Khatumo State (; ), officially the Khatumo State of Somalia (), was a state government succeeding the SSC Movement. Centred on the Sool, Sanaag regions and the Buuhoodle district of Togdheer region, its leaders declared the territory an autonomous state in 2012.

In 2011, the state's militias succeeded in removing Somaliland troops from its borders. On 20 October 2017 in Aynaba, an agreement was signed between the Khatumo President Ali Khalif Galaydh and the Somaliland government which stipulated the amendment of Somaliland's constitution and territorial integration into Somaliland. However, the Vice President of Khatumo expressed his disagreement with the agreement and remained actively opposed to Somaliland.

The state collapsed in 2018 when the city of Las Anod was assimilated by Somaliland using military force, with the checkpoints in Tukaraq and Las Anod being controlled by Somaliland troops. In 2023 at Las Anod, mass demonstrations and civil unrest erupted into armed conflict. The region is currently still contested between Somaliland and local militias of the Dhulbahante clan, who declared the region as SSC-Khatumo State and have raised the Khaatumo flag in the city square.

History

Establishment

Khatumo is derived from an Arabic term meaning a "positive conclusion." The administration's stated aim was to bring development and stability to the region through the establishment of a locally based government. Many inhabitants previously self-referred as being denizens of SSC, which became KS (Khatumo State).

Control of the territory was disputed between Khatumo State (formerly HBM-SSC or Hoggaanka Badbaadada iyo Mideynta SSC), the autonomous Somalian region of Puntland, and the Republic of Somaliland.

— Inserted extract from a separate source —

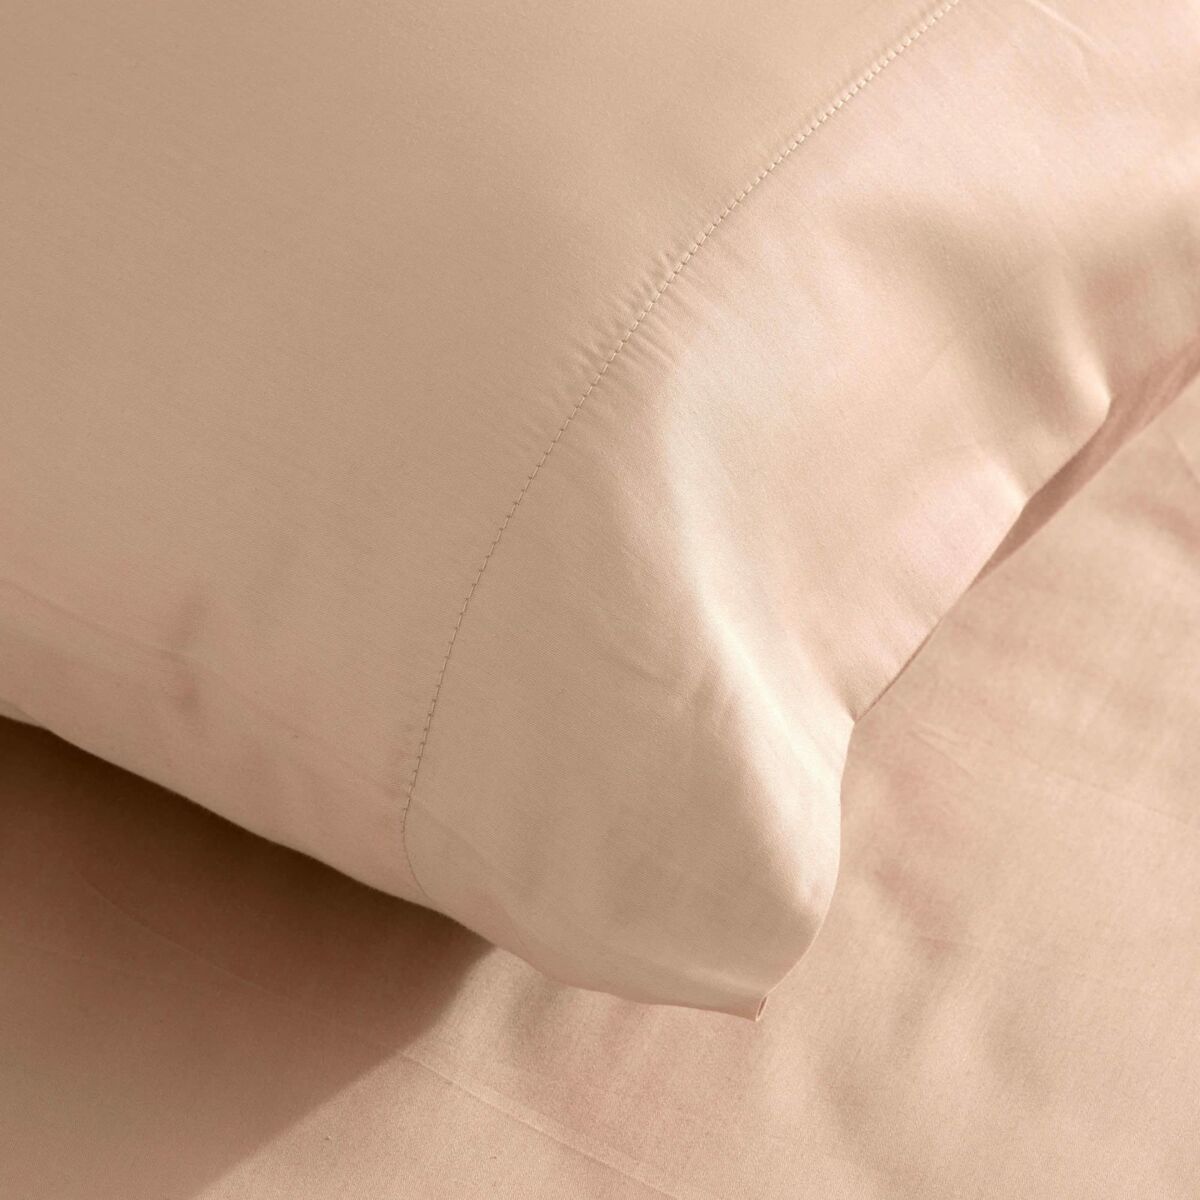 Pillowcase SG Hogar Pink 45 x 125 cm

In January 2012, the Khatumo State administration was finalized after a series of domestic and overseas conferences beginning in 2007 between prominent political figures, traditional leaders and local residents. The territory's capital was initially at Taleh.

In March 2012, Transitional Federal Government of Somalia (TFG) announced that it had approved the Khatumo State.

Split of Khaatumo and dissolution of Ali Khalif group 
Within a year of its founding, Khaatumo began to dissolve due to a lack of palpable results and by 2015 the proto-state practically ceased to function, with the idea of an autonomous Khaatumo state having lost ground among the Dhulbahante, the clan that inhabits the area, a year after its establishment.

In August 2016 Khatumo state commenced peace talks with Somaliland. The talks, however, caused a major disagreement between the president and vice-president of the administration, Ali Khalif Galaydh and Abdulle Agalule respectively, which eventually produced two separate administrations that both claimed to be the legitimate government. The group led by Ali Khalif reached an agreement with Somaliland, at the town of Aynabo in October 2017, which stipulated that under the condition of changing the constitution of Somaliland, the organisation would become integrated within the Somaliland government.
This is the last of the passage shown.